#### Work instructions:
Using the material below, print the line that contains "Weathered columnar basalt formation", the line that contains "Cyclisme,Le Meilleur,Eddy Merckx,revue", and every line in between, exactly and nothing else.

#### Records for processing:
════════

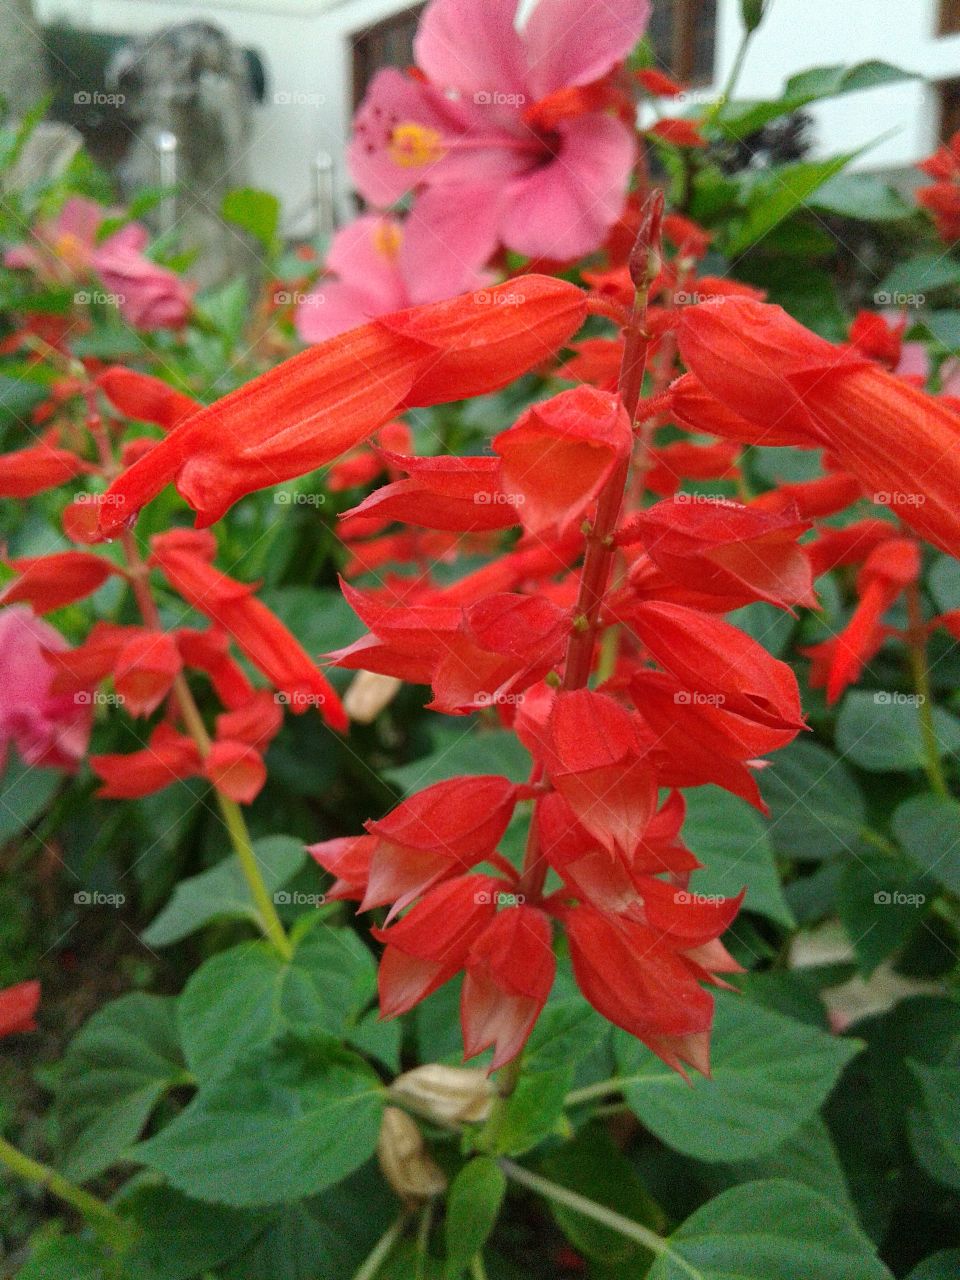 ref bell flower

════════

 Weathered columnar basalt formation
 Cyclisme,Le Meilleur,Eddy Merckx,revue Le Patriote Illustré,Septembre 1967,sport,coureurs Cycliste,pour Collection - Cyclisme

════════

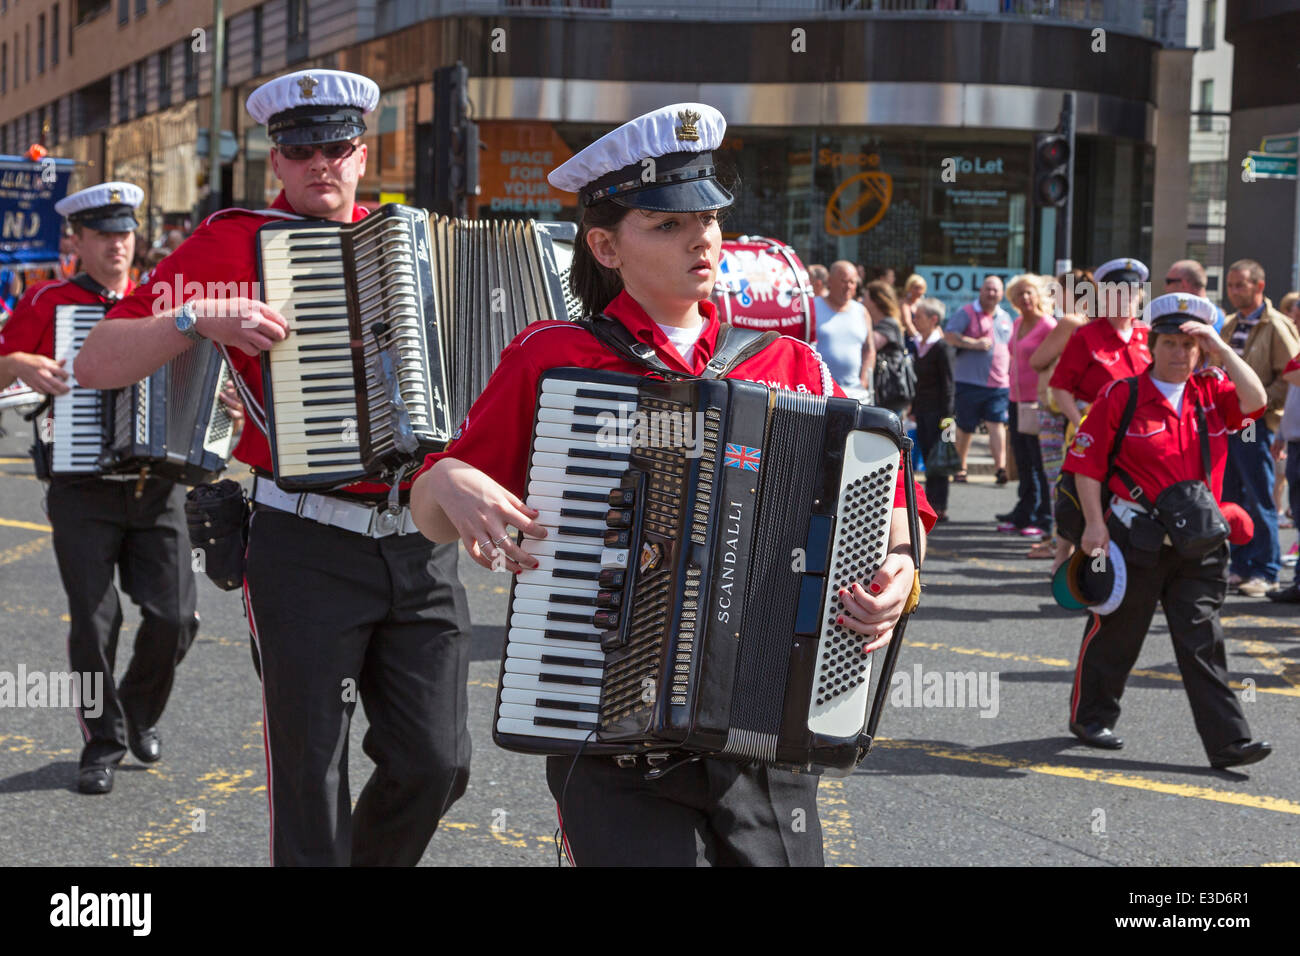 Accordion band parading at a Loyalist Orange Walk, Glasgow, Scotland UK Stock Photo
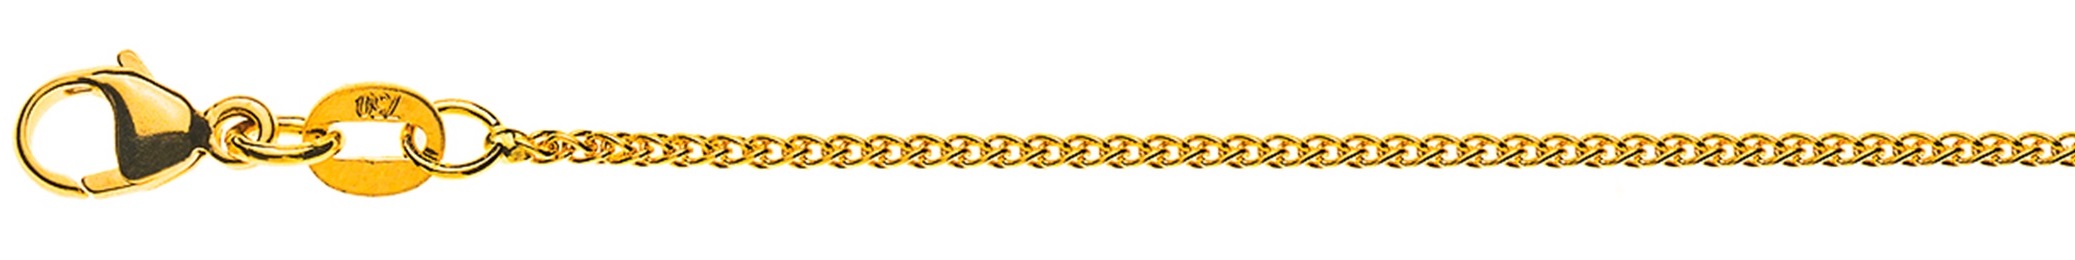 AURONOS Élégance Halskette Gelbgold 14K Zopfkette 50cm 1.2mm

════════

#### Response:
 Weathered columnar basalt formation
 Cyclisme,Le Meilleur,Eddy Merckx,revue Le Patriote Illustré,Septembre 1967,sport,coureurs Cycliste,pour Collection - Cyclisme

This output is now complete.